Stored items from a collection

┄┄┄┄┄┄

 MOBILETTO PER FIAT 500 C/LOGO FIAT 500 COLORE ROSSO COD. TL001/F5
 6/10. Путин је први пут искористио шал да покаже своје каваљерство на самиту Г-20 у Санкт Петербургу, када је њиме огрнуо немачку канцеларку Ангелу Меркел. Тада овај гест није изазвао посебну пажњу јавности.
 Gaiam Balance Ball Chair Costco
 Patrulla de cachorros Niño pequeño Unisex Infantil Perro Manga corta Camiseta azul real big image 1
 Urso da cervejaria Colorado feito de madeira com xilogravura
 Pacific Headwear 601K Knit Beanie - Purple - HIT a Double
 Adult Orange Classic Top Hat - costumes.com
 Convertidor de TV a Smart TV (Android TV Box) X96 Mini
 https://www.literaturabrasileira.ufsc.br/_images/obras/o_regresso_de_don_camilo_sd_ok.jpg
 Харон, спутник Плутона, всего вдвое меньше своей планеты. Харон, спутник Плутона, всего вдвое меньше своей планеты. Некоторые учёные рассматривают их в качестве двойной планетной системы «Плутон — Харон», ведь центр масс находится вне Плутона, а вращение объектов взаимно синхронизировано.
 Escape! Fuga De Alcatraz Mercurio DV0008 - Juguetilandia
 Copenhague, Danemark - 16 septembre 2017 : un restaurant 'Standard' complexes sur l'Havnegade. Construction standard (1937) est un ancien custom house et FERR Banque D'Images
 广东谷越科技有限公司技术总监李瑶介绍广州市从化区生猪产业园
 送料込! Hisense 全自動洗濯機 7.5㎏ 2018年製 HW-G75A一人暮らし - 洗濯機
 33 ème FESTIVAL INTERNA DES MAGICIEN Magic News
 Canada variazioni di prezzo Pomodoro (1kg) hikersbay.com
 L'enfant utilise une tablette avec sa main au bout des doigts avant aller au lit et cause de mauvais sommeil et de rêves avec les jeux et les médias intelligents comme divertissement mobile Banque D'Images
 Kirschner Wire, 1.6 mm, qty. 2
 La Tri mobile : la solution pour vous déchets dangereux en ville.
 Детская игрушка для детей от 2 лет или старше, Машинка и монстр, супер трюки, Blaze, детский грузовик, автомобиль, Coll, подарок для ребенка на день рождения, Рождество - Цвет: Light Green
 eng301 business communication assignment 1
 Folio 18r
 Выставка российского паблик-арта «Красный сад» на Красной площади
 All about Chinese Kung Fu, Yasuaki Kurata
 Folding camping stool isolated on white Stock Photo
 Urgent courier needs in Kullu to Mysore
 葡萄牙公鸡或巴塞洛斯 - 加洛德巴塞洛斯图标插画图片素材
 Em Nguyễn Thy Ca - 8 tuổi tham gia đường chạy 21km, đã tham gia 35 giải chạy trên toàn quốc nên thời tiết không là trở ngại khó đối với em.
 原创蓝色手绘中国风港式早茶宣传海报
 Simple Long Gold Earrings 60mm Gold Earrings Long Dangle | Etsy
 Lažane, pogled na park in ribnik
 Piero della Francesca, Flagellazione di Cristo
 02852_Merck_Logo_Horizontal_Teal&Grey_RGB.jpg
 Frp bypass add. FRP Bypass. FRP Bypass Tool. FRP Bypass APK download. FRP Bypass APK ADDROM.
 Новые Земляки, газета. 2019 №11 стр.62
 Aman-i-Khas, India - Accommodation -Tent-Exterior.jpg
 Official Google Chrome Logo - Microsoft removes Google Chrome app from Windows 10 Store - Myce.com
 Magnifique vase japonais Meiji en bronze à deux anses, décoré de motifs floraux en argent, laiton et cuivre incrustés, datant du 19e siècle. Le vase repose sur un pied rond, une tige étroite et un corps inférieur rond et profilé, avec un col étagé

┄┄┄┄┄┄

Instructions for the task: Print the lines above from the one with "送料込! Hisense 全自動洗濯機" through the one with "Folding camping stool", both included, exactly as written and nothing more.

Output of the exercise:
 送料込! Hisense 全自動洗濯機 7.5㎏ 2018年製 HW-G75A一人暮らし - 洗濯機
 33 ème FESTIVAL INTERNA DES MAGICIEN Magic News
 Canada variazioni di prezzo Pomodoro (1kg) hikersbay.com
 L'enfant utilise une tablette avec sa main au bout des doigts avant aller au lit et cause de mauvais sommeil et de rêves avec les jeux et les médias intelligents comme divertissement mobile Banque D'Images
 Kirschner Wire, 1.6 mm, qty. 2
 La Tri mobile : la solution pour vous déchets dangereux en ville.
 Детская игрушка для детей от 2 лет или старше, Машинка и монстр, супер трюки, Blaze, детский грузовик, автомобиль, Coll, подарок для ребенка на день рождения, Рождество - Цвет: Light Green
 eng301 business communication assignment 1
 Folio 18r
 Выставка российского паблик-арта «Красный сад» на Красной площади
 All about Chinese Kung Fu, Yasuaki Kurata
 Folding camping stool isolated on white Stock Photo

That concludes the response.